Task statement: Once you reach the line containing "image comparing Yeezy" in the data below, restate each line word for word up to and including the one containing "Create a Rustic Fire for a Log Cabin".

Supplied data:
━━━━━━━━━━━━━━━━

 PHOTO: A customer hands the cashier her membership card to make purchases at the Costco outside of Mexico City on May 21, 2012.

━━━━━━━━━━━━━━━━

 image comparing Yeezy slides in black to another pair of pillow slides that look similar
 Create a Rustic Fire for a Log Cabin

━━━━━━━━━━━━━━━━

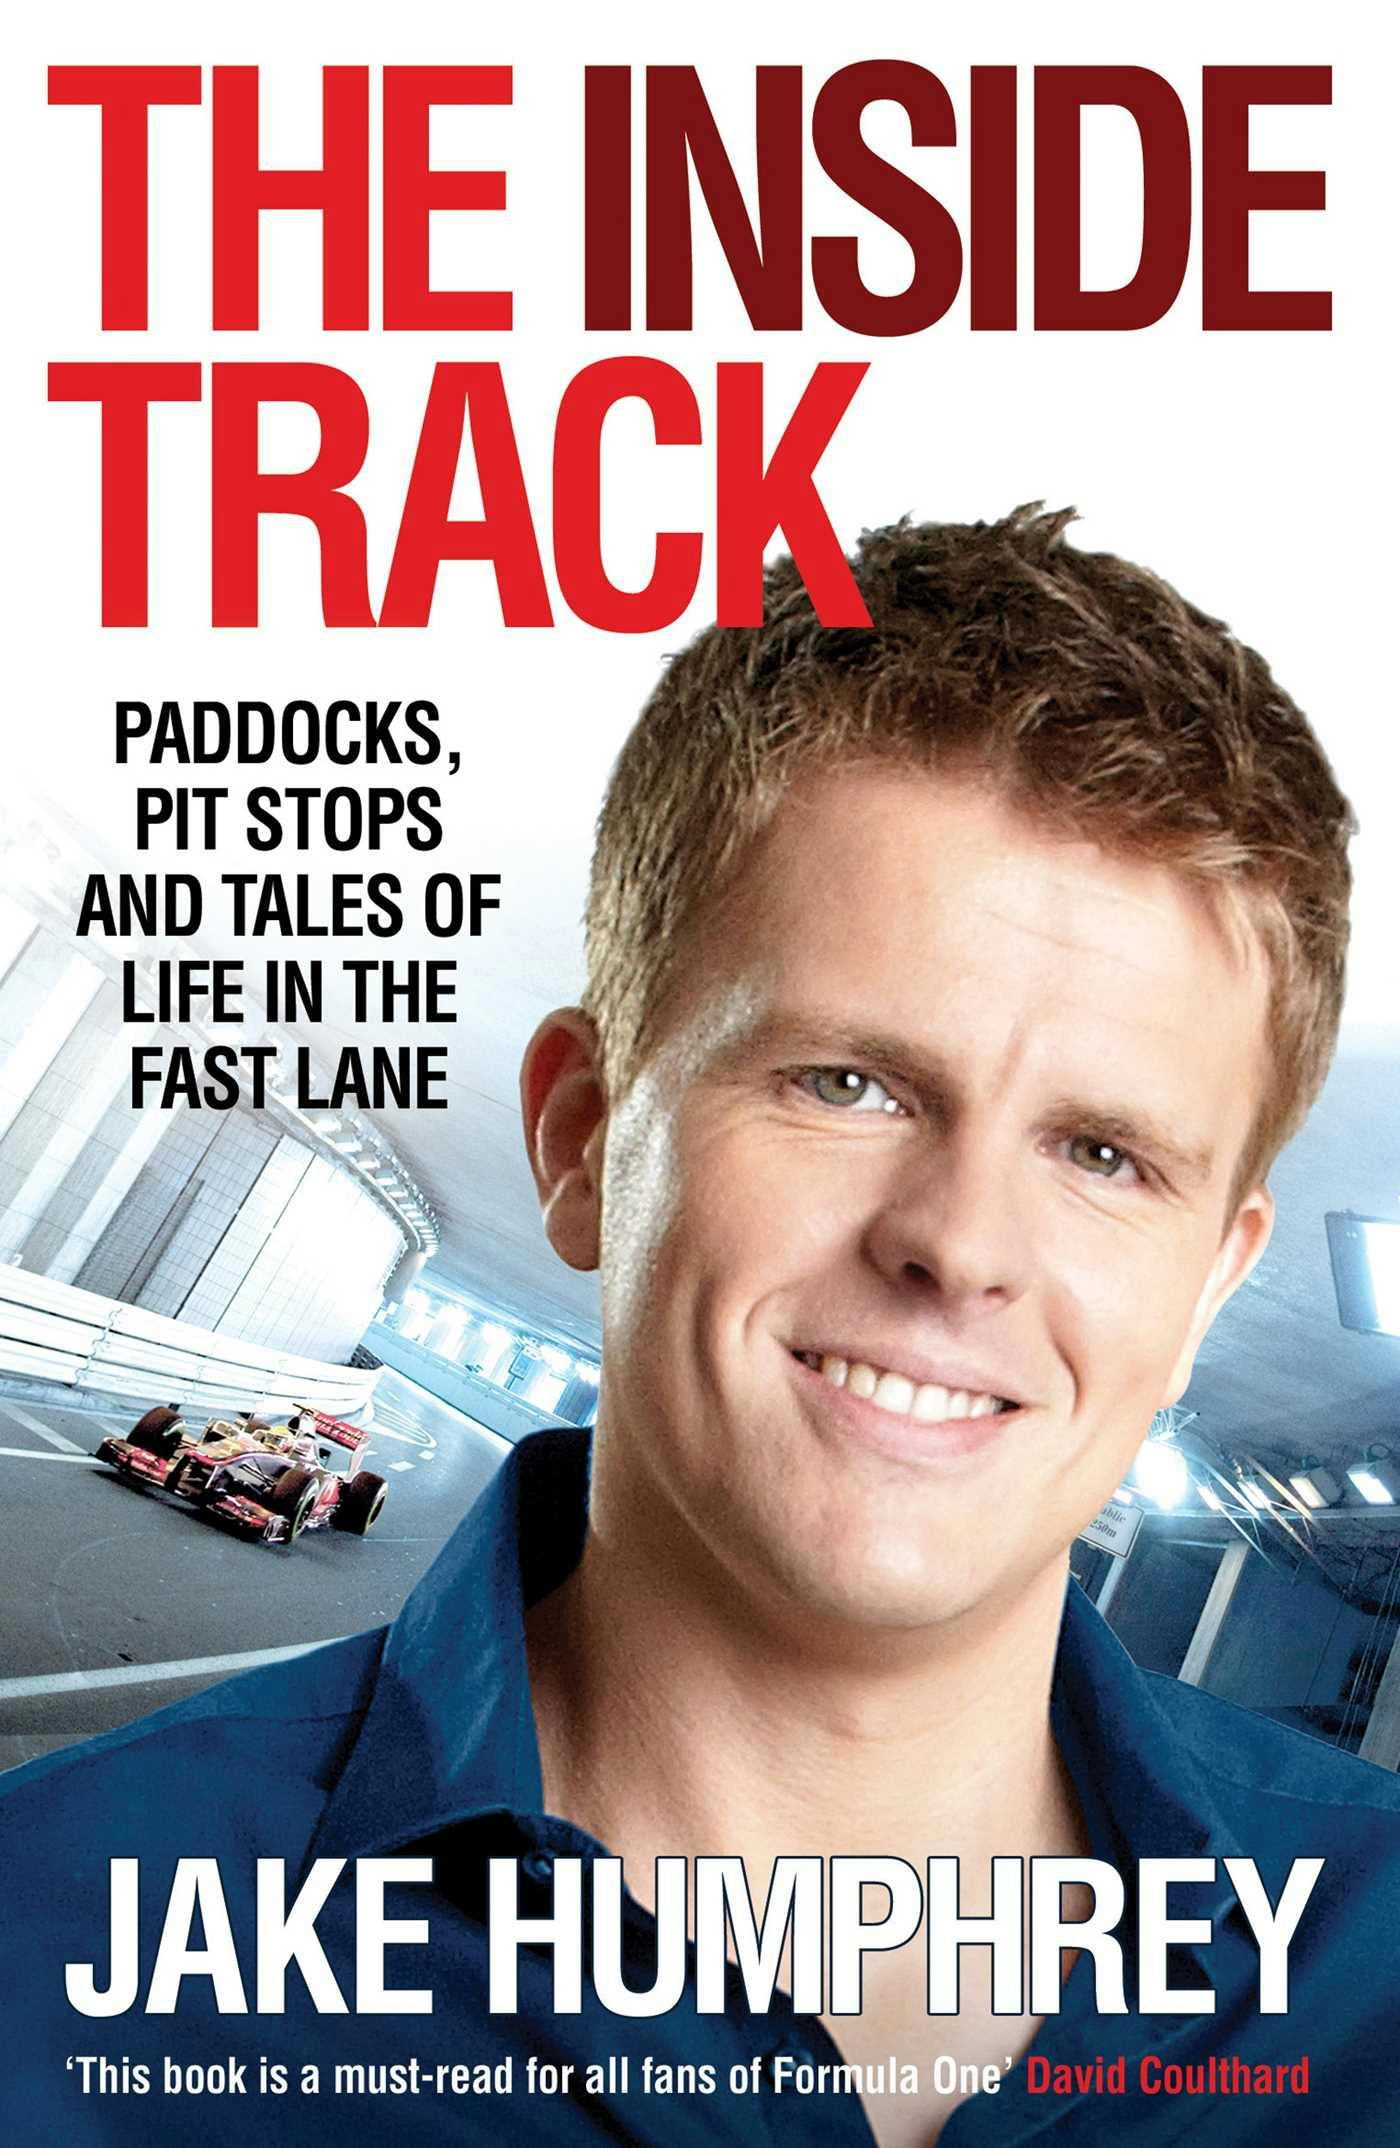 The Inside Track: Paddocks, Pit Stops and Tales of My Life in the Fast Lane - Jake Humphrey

━━━━━━━━━━━━━━━━

Response to this exercise:
 image comparing Yeezy slides in black to another pair of pillow slides that look similar
 Create a Rustic Fire for a Log Cabin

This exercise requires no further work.